The method of claim 4,
Wherein the classifying and storing the at least one data comprises:
The method comprising: calculating a number of times that the at least one data is determined to be redundant data and filtered; sorting the at least one data based on the calculated number of times of filtering to determine, when the number of times of filtering is high, And storing the data in the plurality of SSD storage devices.

The method of claim 4,
Wherein the classifying and storing the at least one data comprises:
And arranging the at least one filtered data of the redundant data on a size basis to store the redundant data in the plurality of hard disks when the size of the at least one data is large.

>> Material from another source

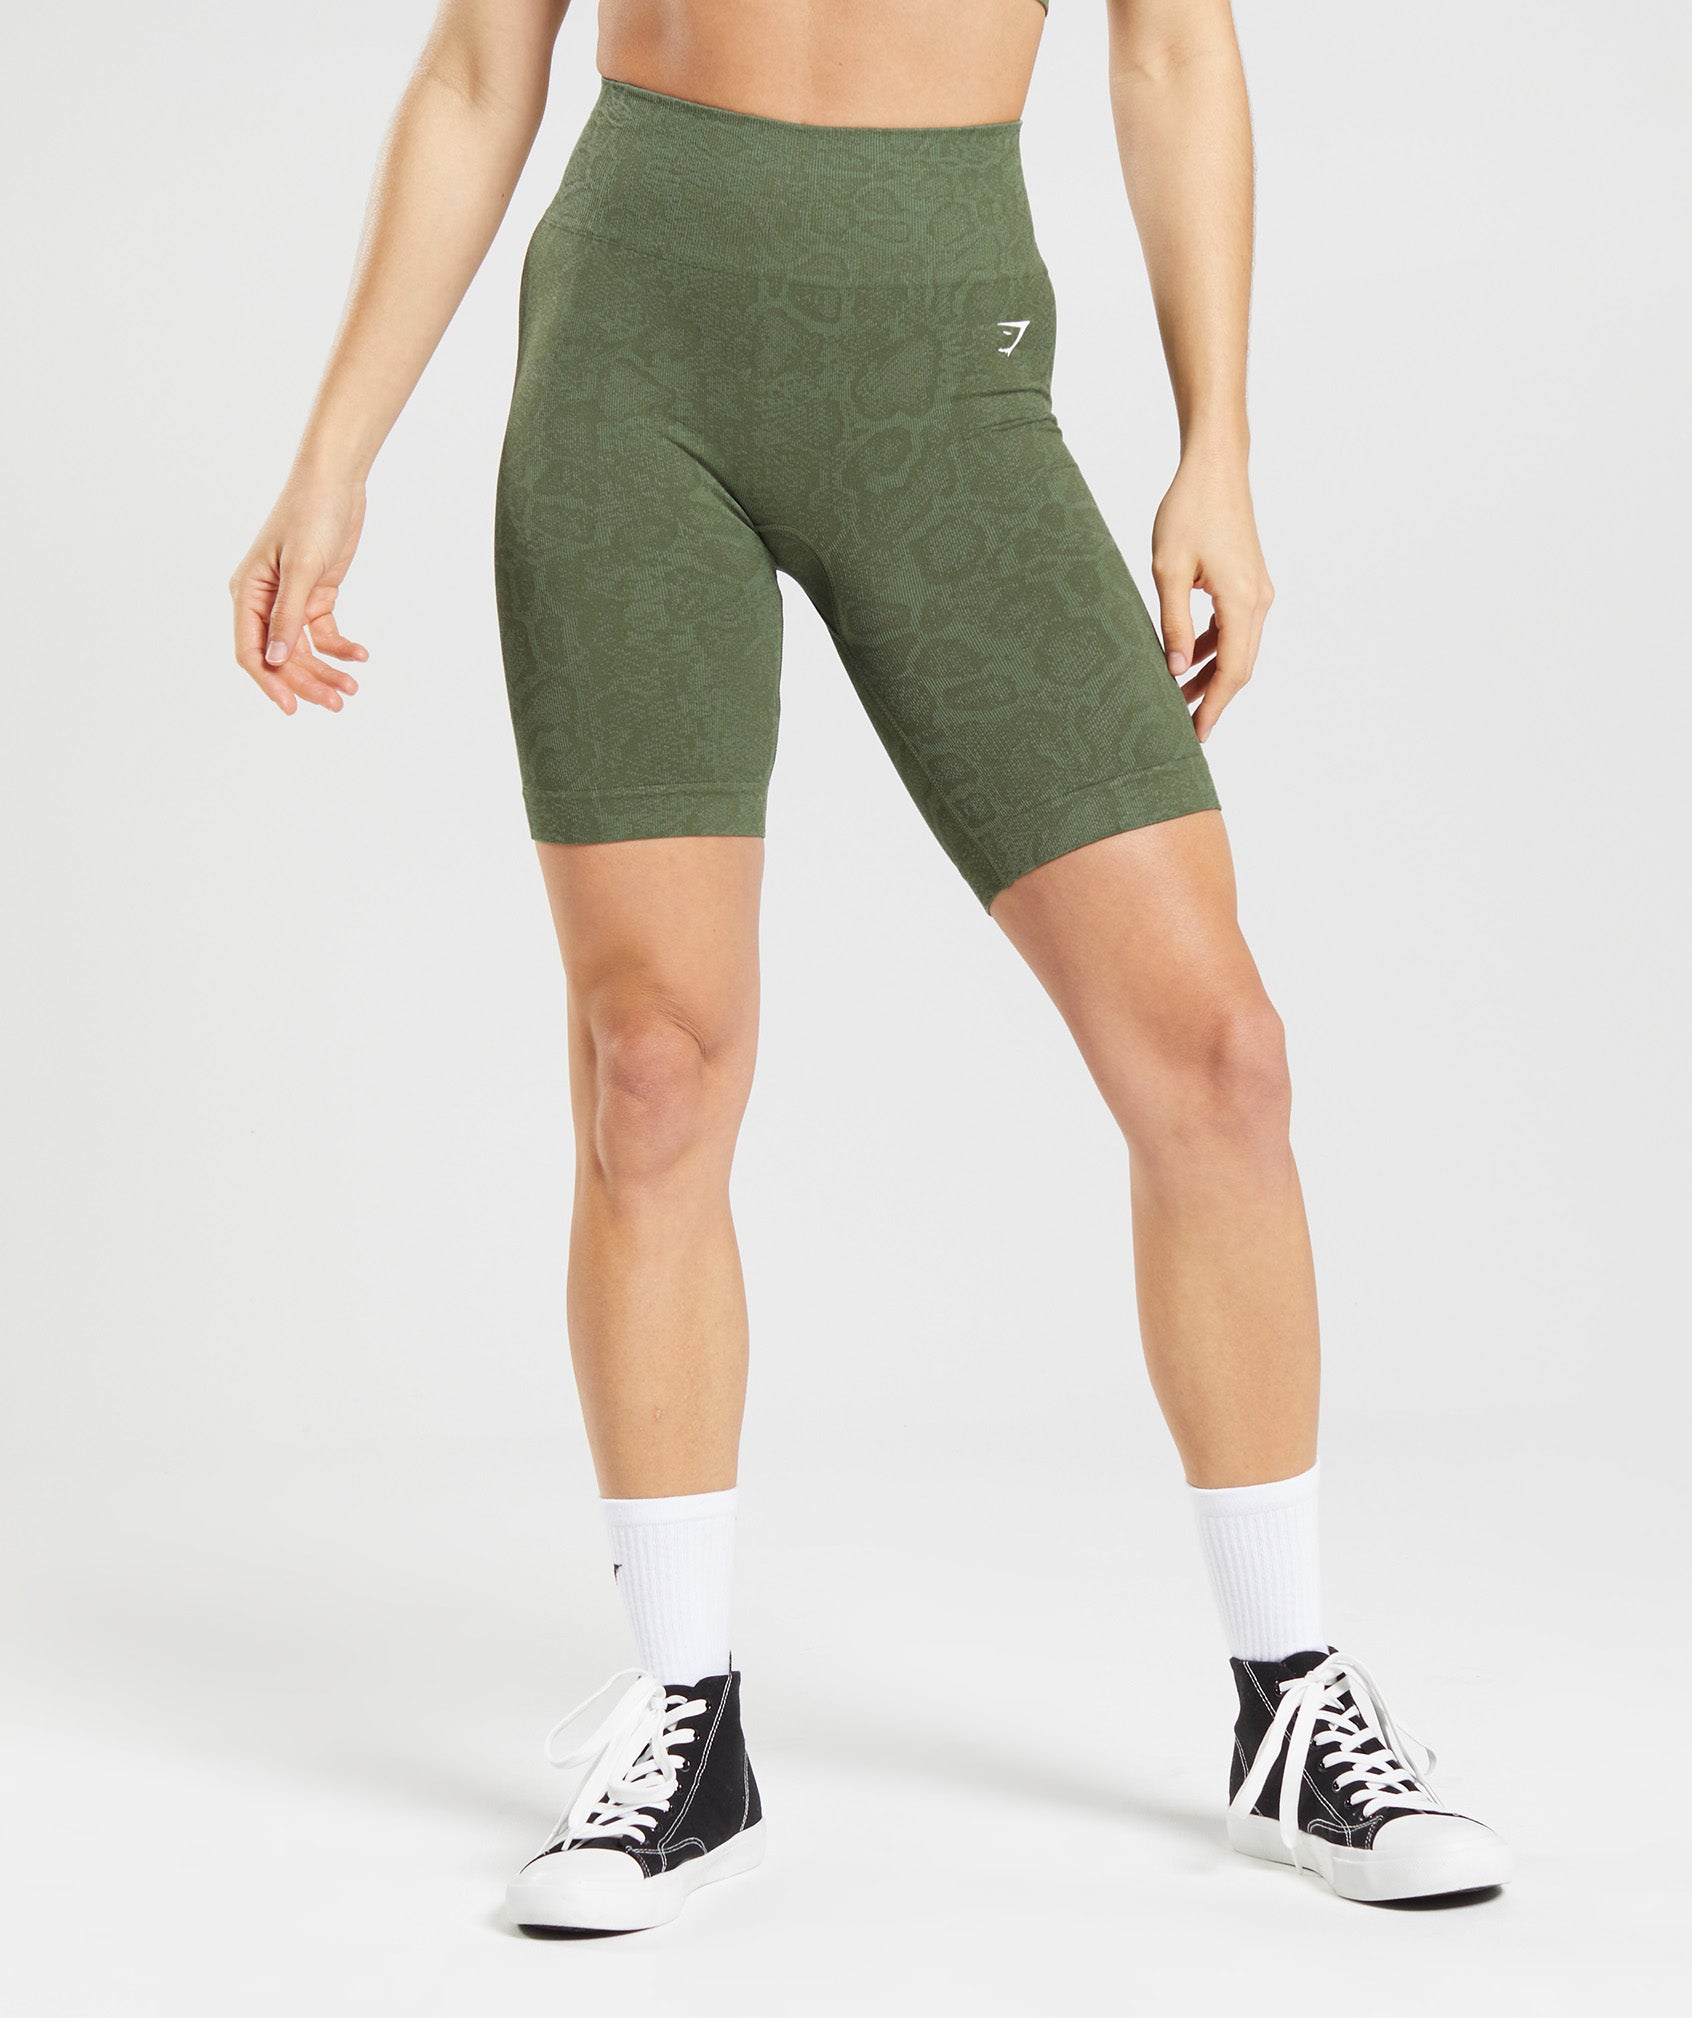 http://cdn.shopify.com/s/files/1/1367/5207/products/AdaptAnimalCyclingShortsENG-L-A0115WillowGreen-CoreOliveB4A7J-EB2R293_32a5a8d7-b2a6-4b3f-963e-4f15cd4b41eb.jpg?v=1679665046

In a data server for establishing a data-centric computing environment,
A data collecting unit for collecting at least one data having a different format or size from each other;
A format converter for converting a format of the collected at least one data into a predetermined specific data format so as to give uniformity to the at least one data;
A duplicate removal unit for filtering duplicate data by comparing checksum values of at least one piece of data converted into the specific data format; And
And a data storage unit for classifying and storing the at least one data based on a number of times that the at least one data is filtered with redundant data and a size of the at least one data.

The method of claim 7,
The data server comprising:
A plurality of SSD (Solid State Drive) storage devices, and a plurality of hard disk drives (HDDs).

The method of claim 8,
Wherein the data collecting unit comprises:
Wherein a bottleneck phenomenon that may occur when collecting the at least one data is minimized by using a multicore processor mounted on the data server.

The method of claim 8,
Wherein the de-
A checksum calculation module for calculating a checksum value by applying a checksum algorithm to each of the at least one data converted into the specific data format; And
And a data filtering module for comparing the calculated checksum value and filtering the at least one data having the same checksum value as duplicate data and filtering the at least one data.

The method of claim 10,
The data storage unit stores,
The method comprising: calculating a number of times that the at least one data is determined to be redundant data and filtered; sorting the at least one data based on the calculated number of times of filtering to determine, when the number of times of filtering is high, And stores the data in the plurality of SSD storage devices.

The method of claim 10,
The data storage unit stores,
And arranges at least one piece of the filtered data on a size basis to store the duplicated data in the plurality of hard disks when the size of the at least one piece of data is large.